For the coding part, it is recommended to have some familiarity with Python language, or similar software like R, even through on-line courses (ex. Coursera).
Knowledge of the most relevant statistical methods for large data set analysis. The student will learn how to run a complete work flow of analysis by employing Python software. From the collection and management of large data set, through the choice of the most appropriate models to the final interpretation and contextualization of the results.
Programma e contenuti
The aim of this course is to study and apply the most relevant statistical models in the analysis of large data set.
The perspective in mainly applicative: choosing and applying suitable models to exploit the whole informative content of (large) data set with a particular attention to the correct and contextualized interpretation of the final results. Moreover, a focus will be set on some frameworks for the management of large data set like MapReduce for data clustering.
The course will be held with the interactive employment of open source software like Python to learn practically the complete analysis work-flow.
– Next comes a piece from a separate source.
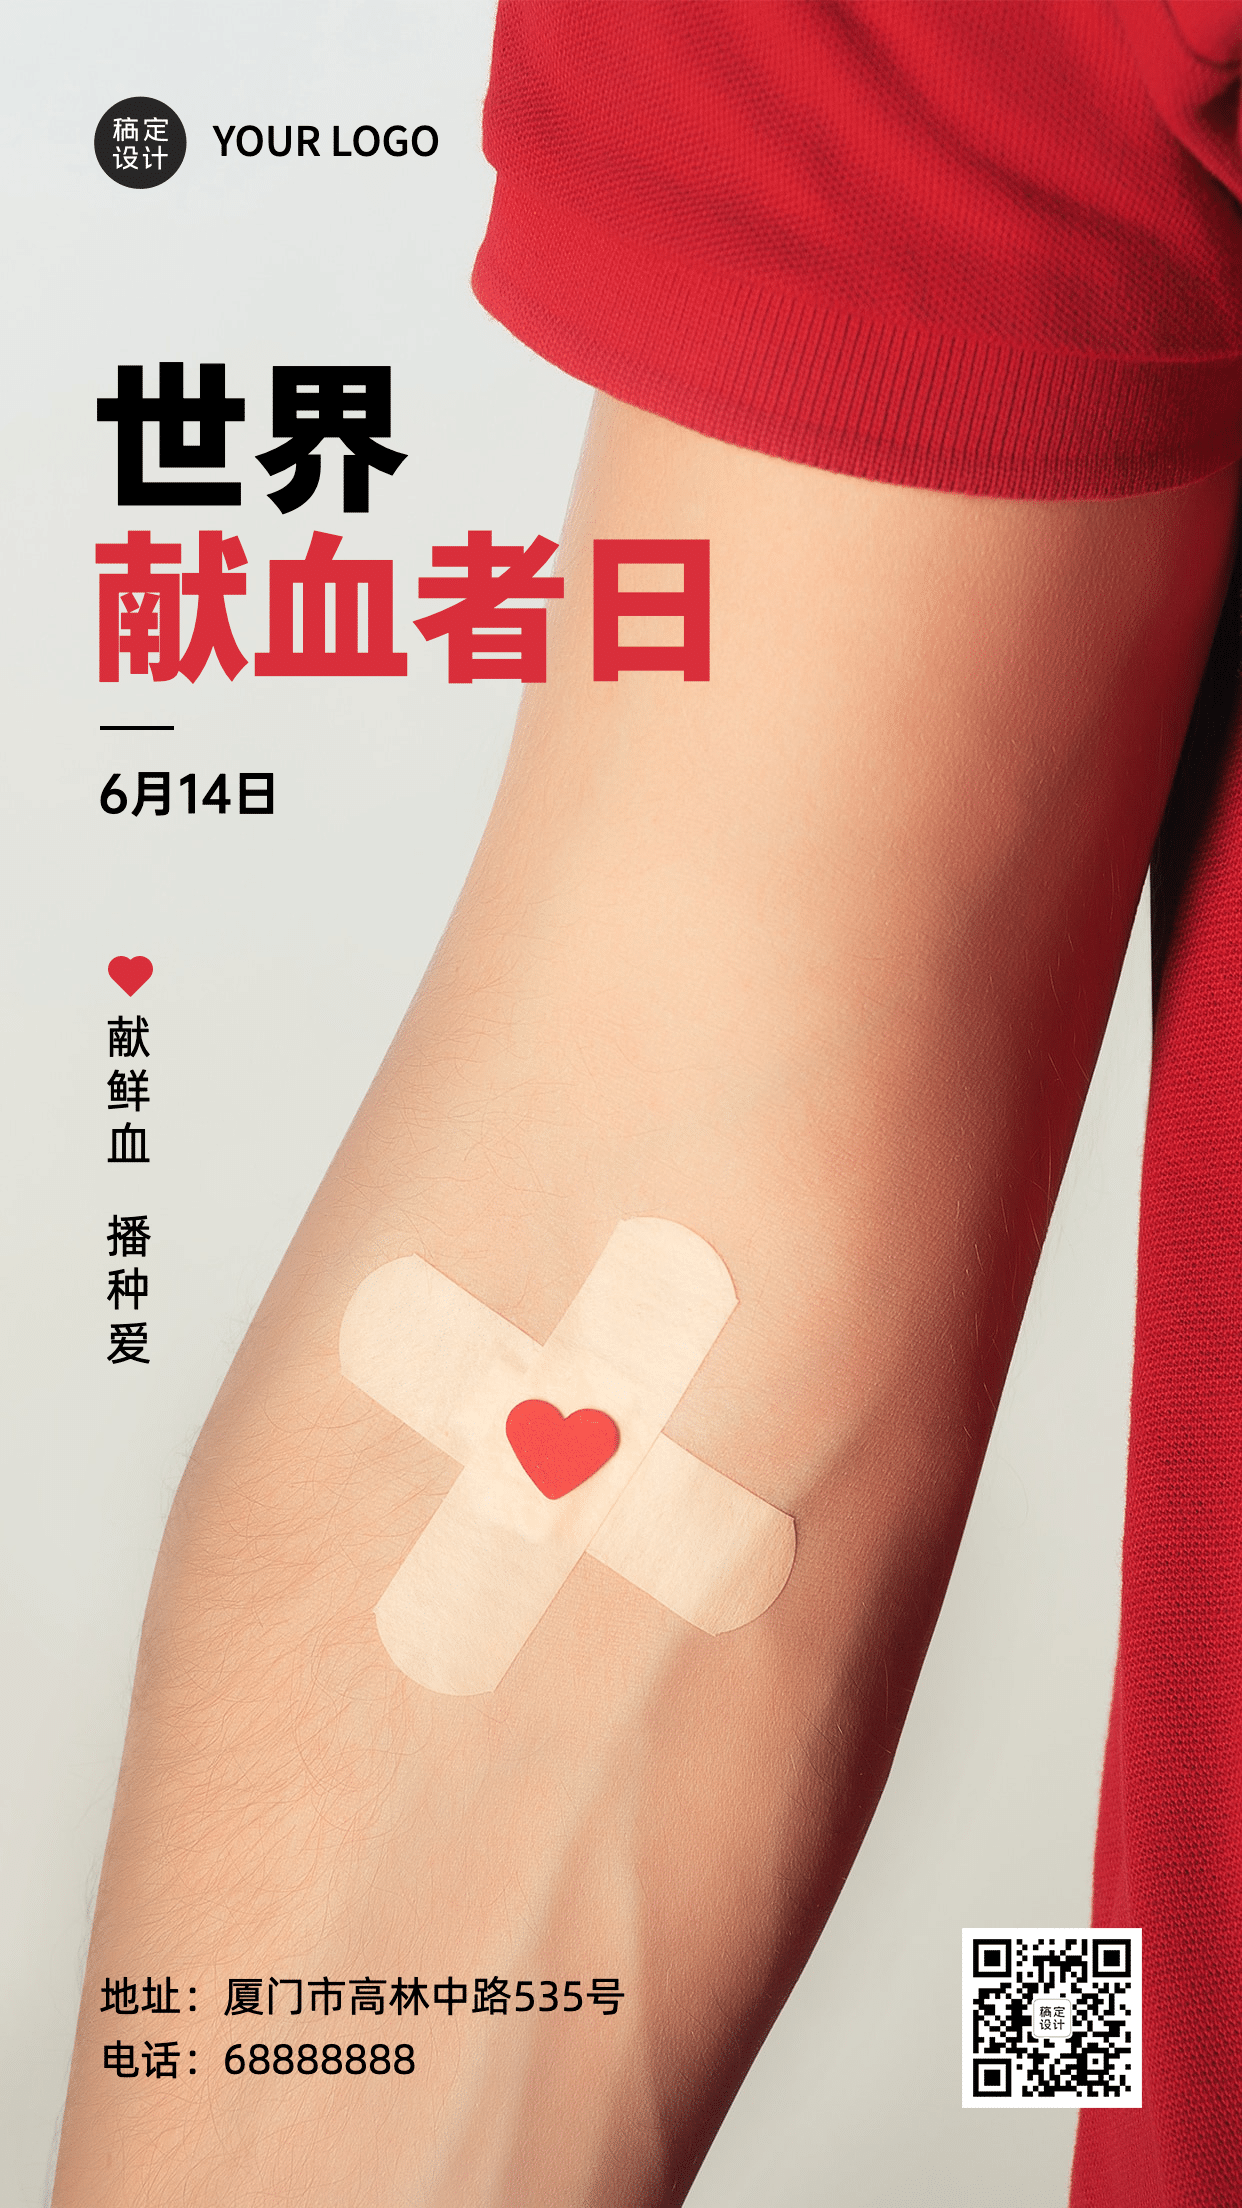 世界献血日公益爱心医疗手机海报预览效果

A particular emphasis will be given to social network data, textual data, business-financial case studies.
Some of the models that will be covered are: Naive Bayes Classifier, Latent Dirichlet Analysis, Clustering algorithm, Penalized regression Support Vector Machines.
The class integrates theoretical lectures with practicals based on Python to learn how to implement and analyze the most appropriate models according to the available data.
A tutor will help students weekly in acquiring all the necessary theoretical and practical knowledge.
All the material used during the lectures (slides. script. data) will be available on Kiro platform.
Testi di riferimento
1) Coelho and Richert, Building Machine Learning Systems with Python, Second edition, Packt Publishing.
2)Introduction to Python for Econometrics, Statistics and Data Analysis
Kevin Sheppard, pdf version available
Modalità verifica apprendimento
Midterm about the first explained models.
Final project of analysis with real case studies.
Some lectured will be thought by experts of the big data field.